Amey · 05/04/2009 17:35

Any opinions on this article in the Observer. Mumsnet's Justine Roberts gets a name check and makes some sensible comments.

Personally, I think it tough to expect kids to be fully socialised and ready to learn at 4 years old!!

OP posts:
faraday · 05/04/2009 21:00

indeed, Kerala!

stillenacht · 05/04/2009 21:02

I think deadlines should be deadlines..my DH has had to extend GCSE coursework deadlines times and again for lazy kids - he got some emailed to him at 11.30pm on Friday as he said he wouldn't mark it if its after 12am - the original deadline (which has been known about for weeks) was Friday morning last week - he still hasn't had all the work in despite numerous discussions with parents promising it....

stillenacht · 05/04/2009 21:03

oh and he instigated all the phone calls/emails and spent hours and hours chasing up kids...why - cos of league tables - to get the best results for the dept

EffiePerine · 05/04/2009 21:04

agree with Justine - teachers aren't going to make their jobs easier by pointing the finger at parents, are they? Why not come up with some imaginative ways of working with parents rather than this extended version of bitching in the staff room?

HerBeatitudeLittleBella · 05/04/2009 21:08

Yes I wonder how they think this will actually help?

Or perhaps it was a press release that was just sexed up and sensationalised by the meejah?

RustyBunny · 06/04/2009 07:33

Justine was just on Radio 5 Breakfast talking about this - anyone hear her?

bloss · 06/04/2009 08:36

Message withdrawn

Starbear · 06/04/2009 08:48

EffiePerine, Why should they come up with imaginative ways to work with parents! They are employed to teach children!
Through work I know the following case. Kid gets told that she's not wearing school uniform, she persistently breaks the rules.
She has a break time detention. In that time she phones mum. Mum turns up in teachers class and punches her in the face. NOW! How do you work imaginatively with that?
When she was arrested she continues to have a potty mouth and behaved as if she was in the The Big Brother house or MTV shouting show! She thinks it's okay to behave in that manner.
Bring back the cane but for the parents!

Starbear · 06/04/2009 08:51

Oh! and to add. Is it so hard to teach your kid at 4 to do his own buttons and wipe his own bum! Sorry, that's my job and I've done it! I was also capable at 4 to do that for myself!

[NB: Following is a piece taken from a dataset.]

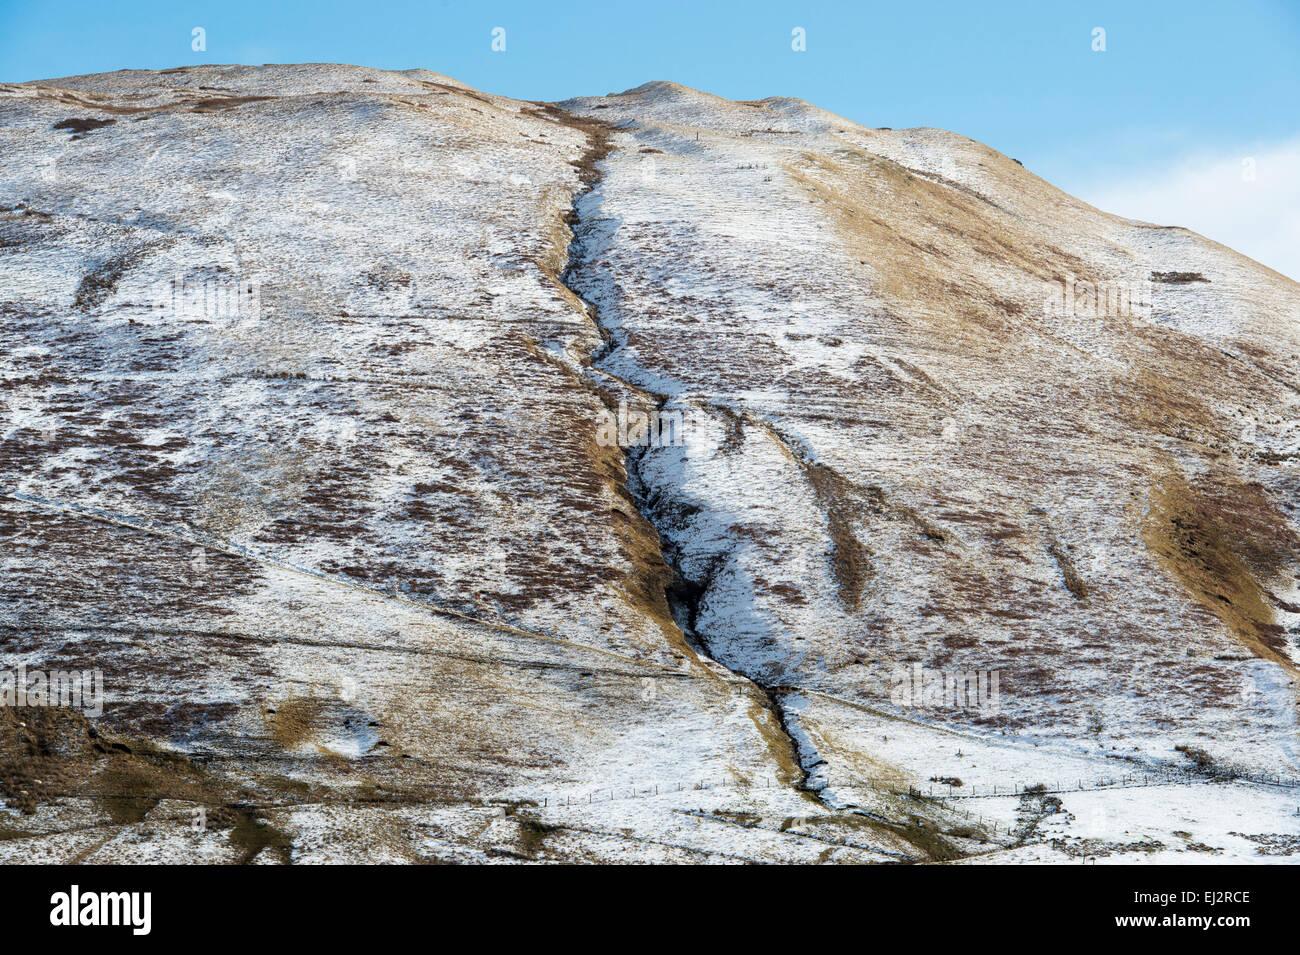 Hillside in the winter snow. Peebleshire. Scotland - Stock Image

sarah293 · 06/04/2009 08:55

This reply has been deleted

Message withdrawn

OrmIrian · 06/04/2009 09:01

I think the issue of bad behaviour in school is a different issue to the readiness for total independence at age 4. I think it's unreasonable to expect every 4yr old to be able as yet to do up buttons for example. 4 is still very young. I think it entirely reasonable to expect children of any age not to assualt or insult teachers, and even more so to have the same expectations of their parents.

wannaBe · 06/04/2009 09:05

I do think parents are largely to blame.

I also think that parents have their priorities totally mixed up, in that they want to baby their children, i.e. not teach them to dress themselves/do up buttons/eat with a knife and fork because they are too young, while giving them seemingly unlimited access to things which they are clearly too young for, i.e televisions in bedrooms/computers/games consoles.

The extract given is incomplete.